Gives an external perspective
The beauty of Friday Pulse is the fact it’s being used regularly by 6000 teams in a variety of sectors. As a result, it gives you a comparison set that will tell you where you’re strong or weak as a business. Then, every quarter, there’s a deeper survey similar to the Gallup Q12 which generates strategic input. Nic has a team of psychologists that can look at your data, compare it to similar businesses and give you advice on what you can do to improve your happiness score.
In fact, they don’t start with the scores at all. They start with the participation rate. There’s no point fixating on happiness scores if only the most motivated staff are filling in their surveys. Until your participation rate is at 70% or above, you’re getting skewed data and this, in itself, tells you that you’ve got work to do on your culture.
An external perspective is so useful that we’ve started to bring our clients together every six months, alongside experts from Friday Pulse, to go through their data with each other. It’s been insightful to compare data to benchmarks, swap stories and share advice. Friday Pulse can also tell everyone their current thinking and where the product is heading.
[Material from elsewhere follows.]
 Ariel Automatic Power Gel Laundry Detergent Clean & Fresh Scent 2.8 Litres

Enables you to focus on individual teams
Individual team culture has a profound effect on employee engagement. In fact, Gallup found that 80% of the employee engagement score on their Q12 survey is driven by the manager and team. It goes without saying that this is going to be reflected in happiness scores too.
Because the data is given at a team level, Friday Pulse gives you the opportunity to spot when a team manager isn’t an A-Player. You can then put in place strategies to fix any problems in that team. When you do the quarterly surveys, you can dig into accountability and engagement, giving you granular data that you can work with. Maybe you want to explore the sense of belonging in your teams or measure the impact of losing a client or making some changes. All of these things can be measured and evaluated for their impact on teams.
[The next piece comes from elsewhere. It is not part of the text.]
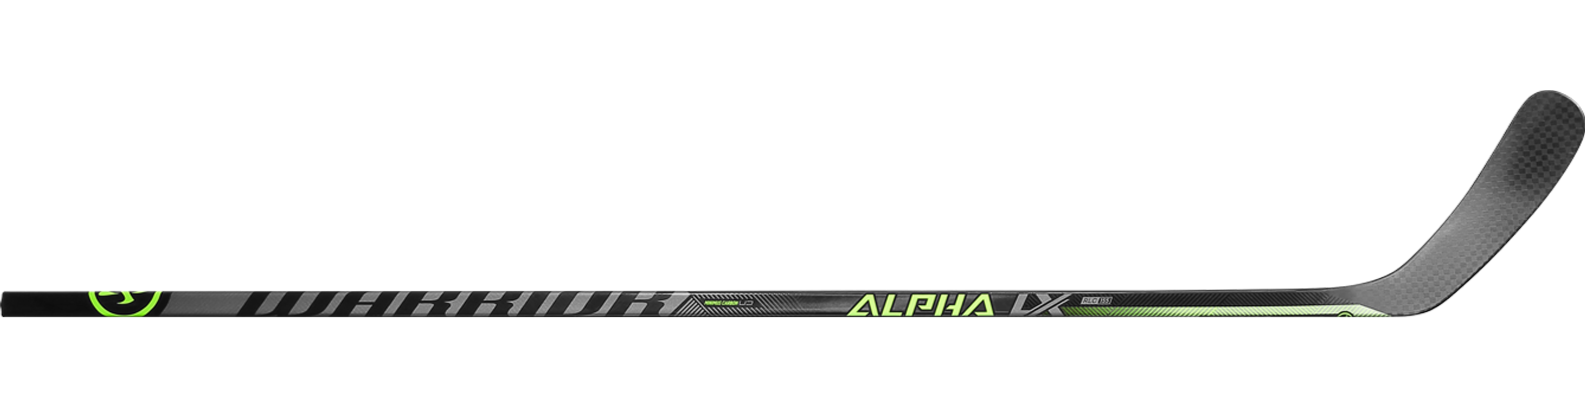 Warrior Alpha LX 20 Bâton de Hockey Junior

The testimonials we’ve received from clients who’ve been using Friday Pulse have been mind-blowing. I was recently chatting to the COO of Excelsior MAT who described the effect of Friday Pulse on their Multi-Academy Trust of schools as ‘phenomenal’. It’s been particularly useful during the pandemic, telling them things they wouldn’t have known without it. One particular story that sticks in my mind concerned teachers in their twenties who’d struggled during the second wave. They’d been coming into school and teaching kids all day long without any adult interaction. Staff rooms were closed and contact was minimal. Then they’d returned to their empty homes in complete isolation.
When the senior leadership team crunched the Friday Pulse data, they could see particular unhappiness in this cohort and put in interventions to help. In fact, Excelsior MAT can track the happiness of staff in a particular school directly through to pupil outcomes. How amazing is that?